The national ‘floor’ – as decreed by government in London; the minimal broadband speed your service provider must lay – is 10 megabytes per second, the minimum that will support the normal needs of a typical family, including a small business done from home.
Orcadians endure only 6.3 MBps. Shetland has 8.4 MBps; Highland 8.8. The Western Isles fare little better on 9.1 MBps. Of the top five regions in the United Kingdom – those boasting the most rapid connectivity – only one, the city of Dundee, is in Scotland; and within all those regions (and others) there is much local variation.
Twenty per cent of Scottish households, it is ascertained, have poor to no broadband service at all – and all this against the startling truth that, across the United Kingdom as a whole, the average household broadband speed is 22.8 MBps, over twice that officially specified floor.
And spare a thought for residents of Corrie Road, Kinlochleven: as of October 2015 they suffered speeds of 0.985 MBps.
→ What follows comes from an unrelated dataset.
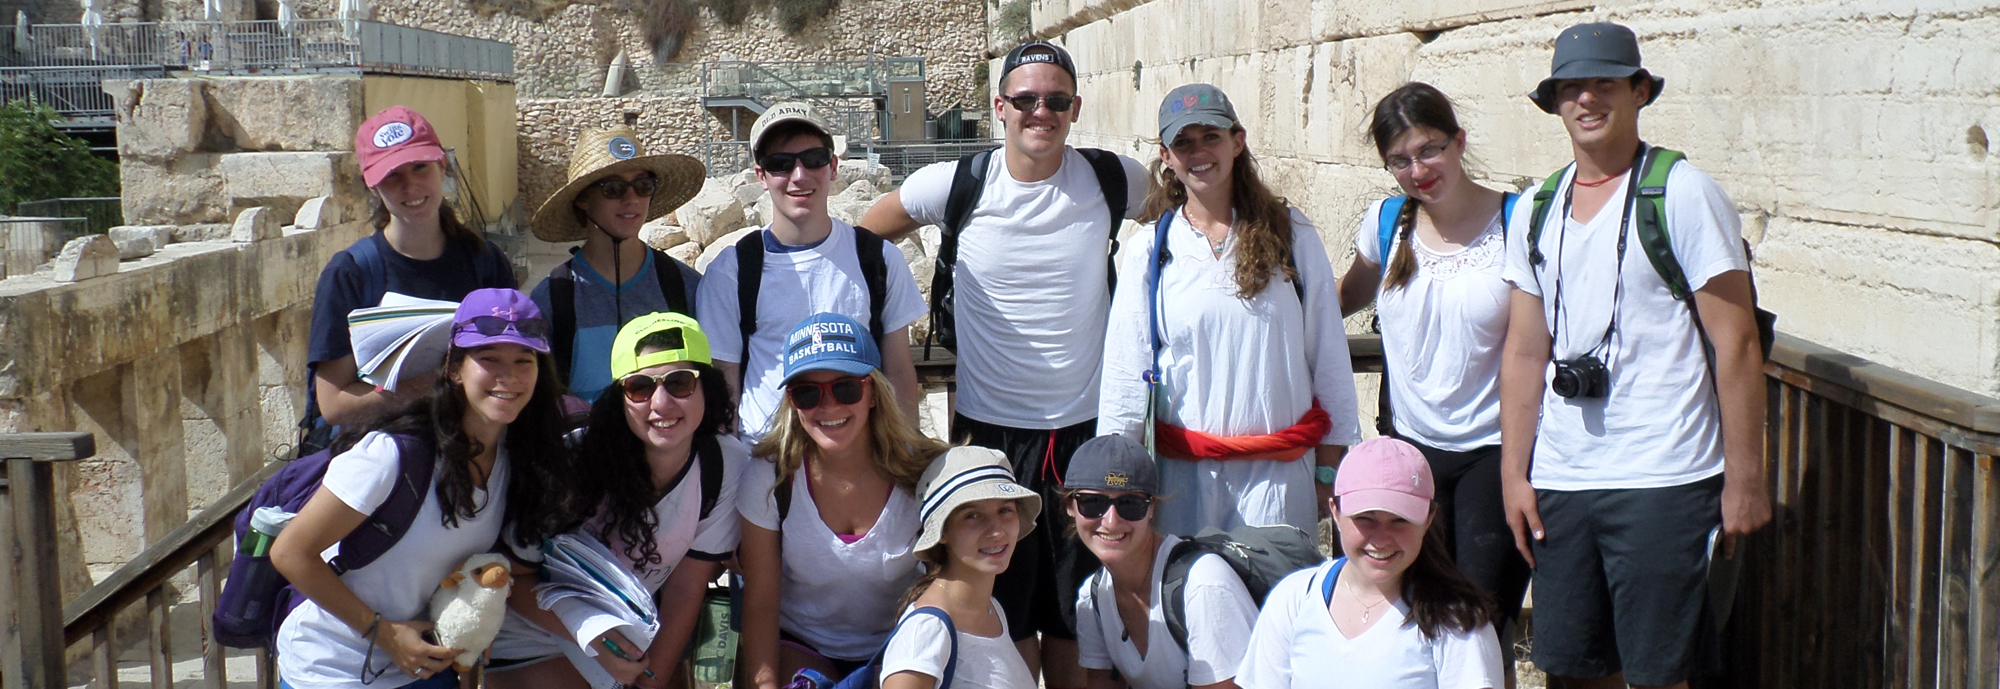 Summer Program - Jewish Culture | URJ Heller High

The Scottish Government, when it has not been absorbed in independence referendums or whingeing about Brexit, has been trying to address this – and, sensibly, in partnership with business rather than the sort of big-state public sector initiative so apt (such as the notorious Edinburgh trams project) to go horribly wrong. In partnership with BT Openreach, Digital Scotland began its roll-out in April 2014, and within six months the £410million programme had provided superfast fibre broadband to 150,000 premises the length of the country. By November, engineers had laid 188 miles of sub-sea cable and 1,500 miles of cable on land – enough to stretch from Shetland to Land’s End and back again and installed around 600 new street cabinets for many private properties.
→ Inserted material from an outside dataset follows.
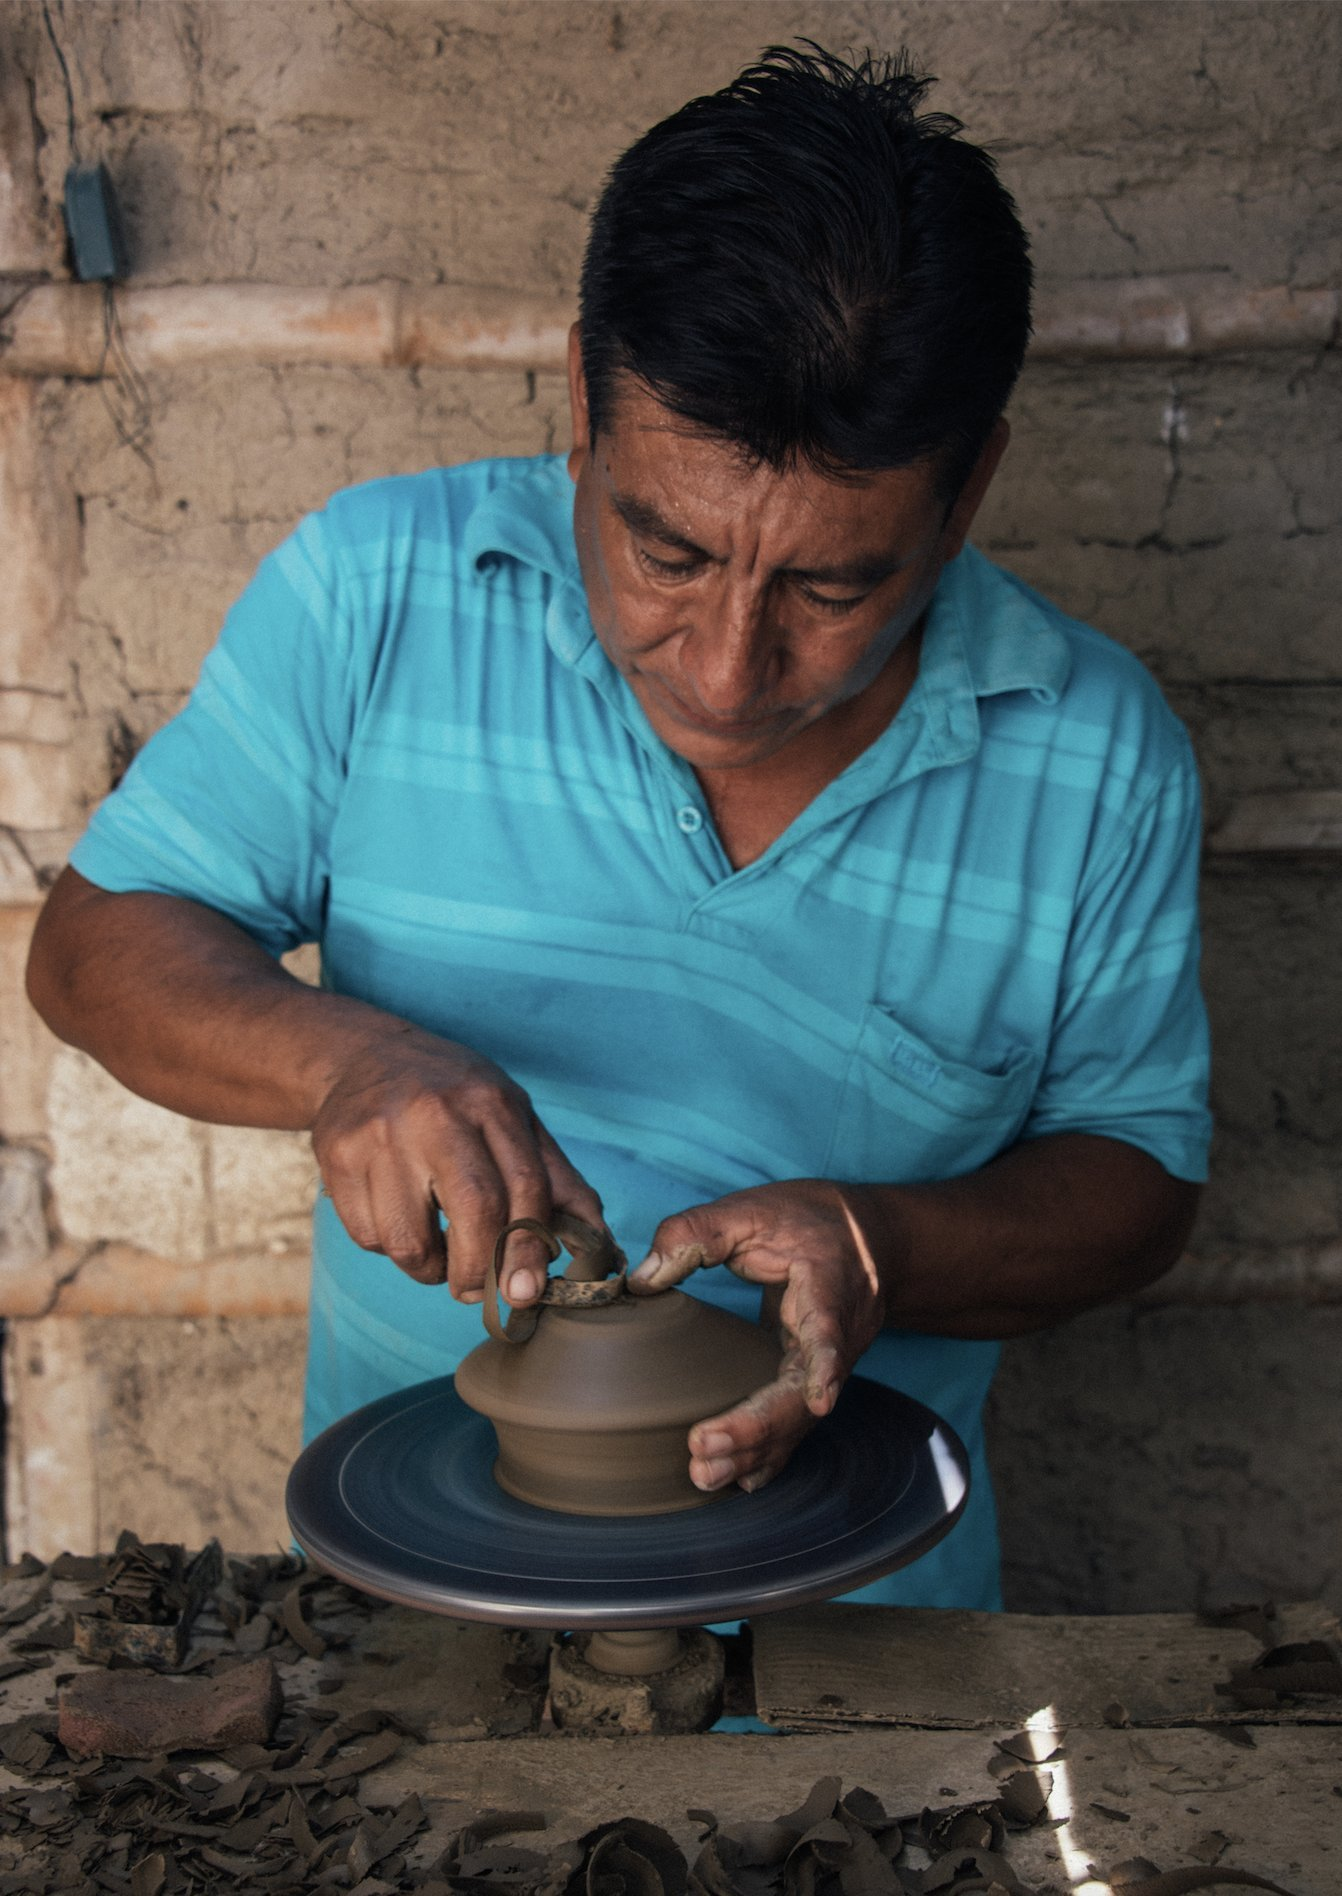 Luna Sundara Palo Santo Holder Authentic Chulucanas Peru Pottery (Green) 5 Palo Santo Sticks Included by Luna Sundara (Image #5)

‘We are still in the early stages,’ purred the then new First Minister, Nicola Sturgeon, ‘but already thousands of Scottish homes and businesses are able to take advantage and sign up. They simply wouldn’t have had access to highspeed technology without this ambitious partnership project.
‘It’s fundamental to the Scottish Government’s aim to deliver world class connectivity by 2020, enabling people across Scotland to connect any time, any place, anywhere using any device.’
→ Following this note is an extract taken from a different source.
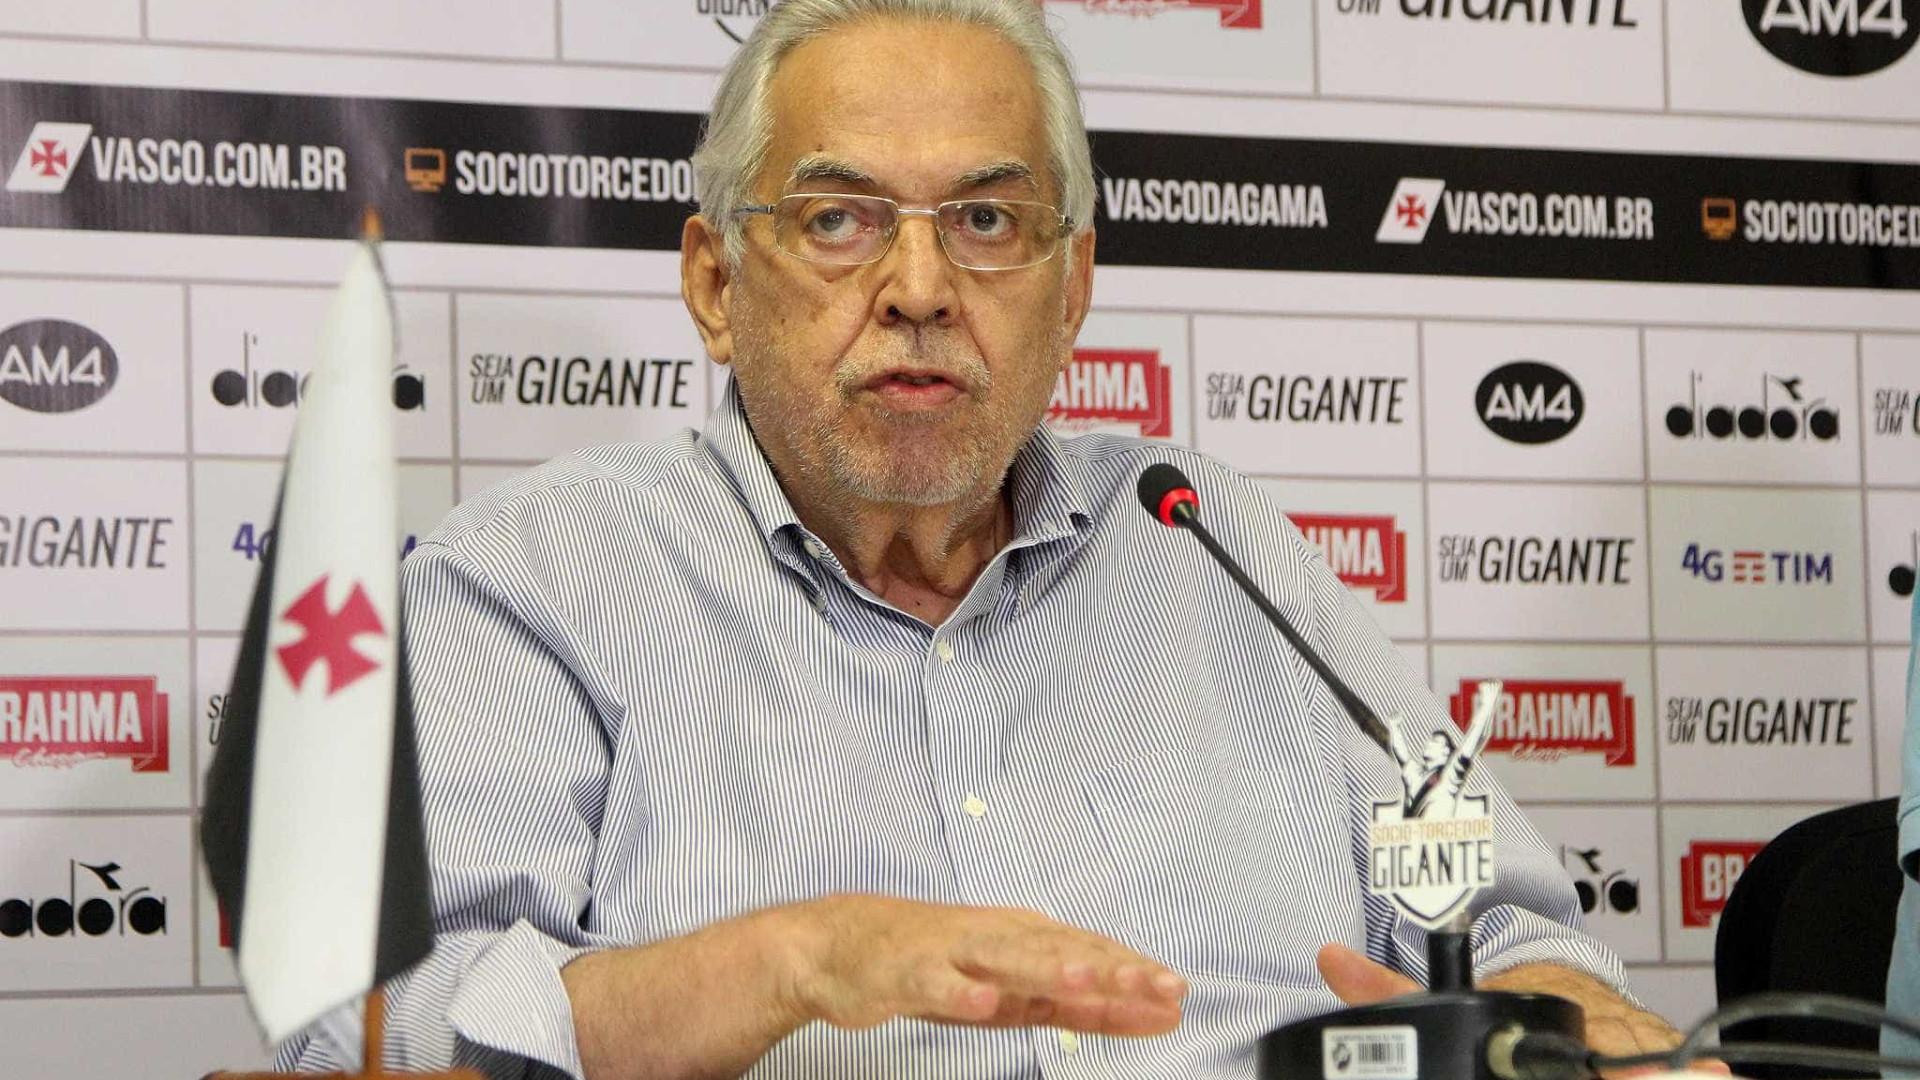 Morre o ex-presidente do Vasco Eurico Miranda, aos 74 anos

AND now, in one extraordinary deal, desperate residents in two remote Highland hamlets have agreed personally to dig in new sections of fibre cable spurs directly to their homes – BT Openreach meeting all costs, but they contributing their own labour.
They are tenants on the private Altnaharra estate, in the heart of lonely Sutherland, and Skerray on the county’s north coast – 145 homes in all. Hard, wet work for the crofters involved, but by this autumn they will enjoy broadband at 330 MBps for their pains – at present, it is a crawling 0.5.
Kinlochleven has now, at last, been given superfast fibre broadband, but that is of scant consolation to Alison Grieve, whose Loch Leven Seafood Café is several miles away and where broadband speeds are ‘horrendously slow’.
‘I have just been apologising to my staff as I have only just managed to pay their wages, and I had to go home to my house to do it, as I have had no internet here for two days.
‘I live not far away and the speeds there are very slow, but it doesn’t go down. When it is working the speed is so slow and makes things like banking very difficult…’
The authorities are not prepared to extend the roll-out to her lonely spot, four miles east of Ballachulish, and – with other residents in the wider Glencoe area – Alison Grieve is now resigned to an expensive satellite solution.
‘Digital is transforming the way we live,’ enthused Finance Secretary Derek Mackay in March. ‘It is connecting us faster than ever before while putting more power into the hands of service users…’
For Alison Grieve and very many other Scots, even now, these are but fair, fine words, ringing very hollow.